3. SSO pre-built client cached with stale proxy

DEFAULT_SSO_CLIENT is built proactively at startup with whatever proxy was saved at that moment. spawn_sso_server then reused the cached client whenever effective_proxy.is_some() == false. If the user cleared the proxy in Settings after boot, the rebuild condition was false and SSO routed through the deleted proxy — exactly the failure mode the spec is meant to eliminate.

4. socks5/socks5h accepted in validation but unreachable at runtime

validate_proxy_url accepted four schemes, but Cargo.lock confirms reqwest 0.12.28 is compiled without tokio-socks. Proxy::all("socks5://...") fails at first request with an opaque connector error, hidden behind a generic anyhow message. The PR drops socks5 from the allow-list rather than ship a promise the runtime can't keep.

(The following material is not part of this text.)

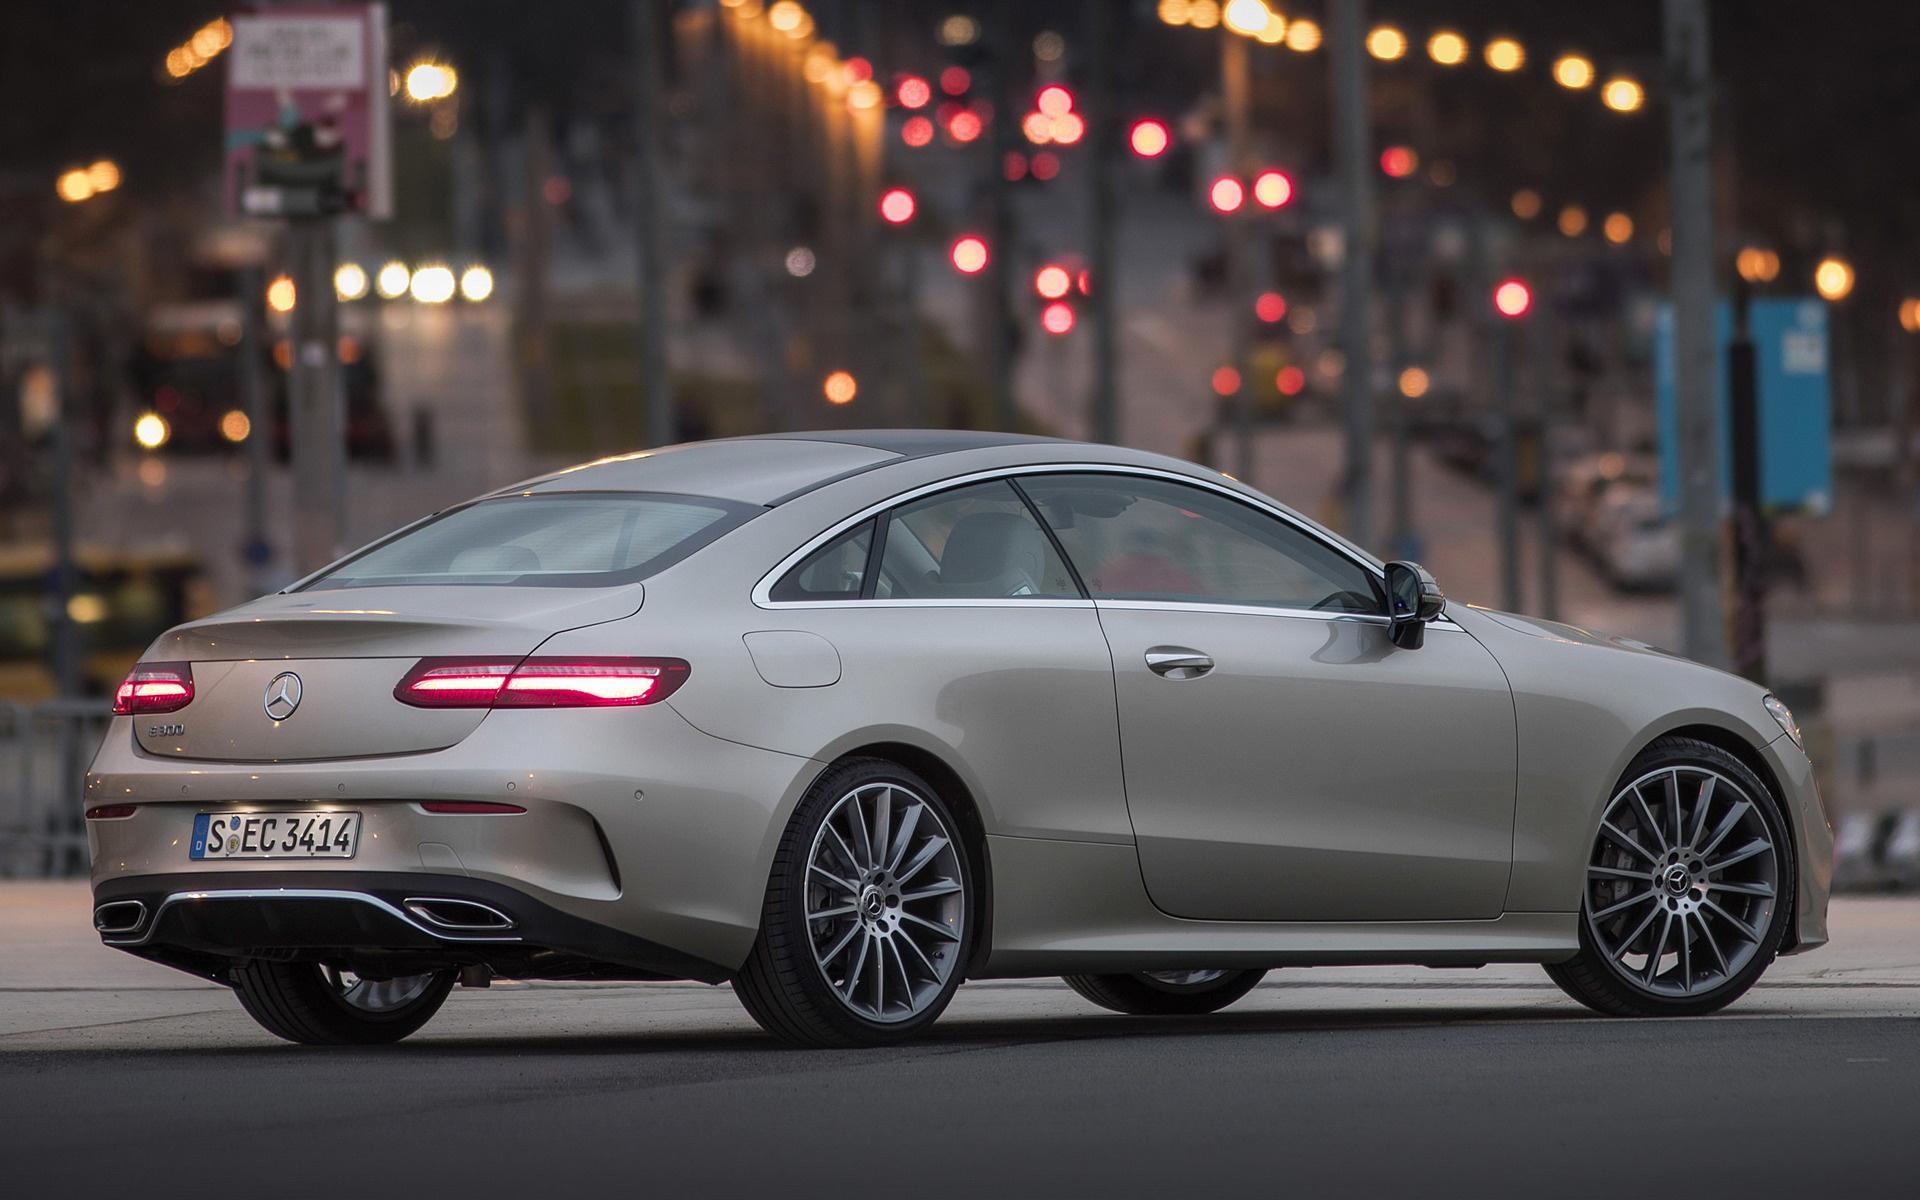 https://www.carpixel.net/w/4f9431fd86979088a6405a4ac2472899/mercedes-benz-e-class-coupe-amg-line-car-wallpaper-64306.jpg

5. PROXY_ENV_LOCK poisoning permanently disabled proxy management

A Mutex<()> poisoned by a panic-while-held caused every subsequent apply_proxy_to_process_env call to fail with "Failed to lock proxy env: poisoned ...". The user could not change or clear their proxy until restart.

6. save_proxy_url file write outside the env lock

The file write happened before the env apply and outside the mutex. Two concurrent saves (UI thread vs. OIDC worker thread) could interleave write(A) → write(B) → apply(B) → apply(A), leaving file=B and env=A. The spec's "single source of truth" contract was violable.

Additional cleanups in scope

  • restore_session was missing the 60s reqwest timeout that build_client sets; restored sessions could hang indefinitely on a slow CONNECT/TLS phase.
  • TSP's create_reqwest_client (src/tsp/mod.rs, gated on --features tsp) was missing min_tls_version(TLS_1_2) and the loopback NoProxy bypass. Mirrored from build_policy_reqwest_client.
  • The updater (src/updater.rs) had already been routed through build_policy_reqwest_client in an earlier change but the spec did not list it in Allowed; spec extended to legitimize.

Design

A single helper, proxy_config::build_policy_reqwest_client, now builds every reqwest client used by Matrix / TSP / updater code with consistent TLS, UA, NoProxy bypass, and proxy resolution. A startup-time OnceLock<Option<String>> named CLI_PROXY_OVERRIDE holds the parsed --proxy value so any later resolver picks it up without re-parsing argv or threading the value through deep call chains.

DEFAULT_SSO_CLIENT now carries the proxy URL it was built with as a third tuple element. spawn_sso_server reuses the cached client only when the homeserver is default and the cached proxy still matches the current effective proxy; otherwise it rebuilds.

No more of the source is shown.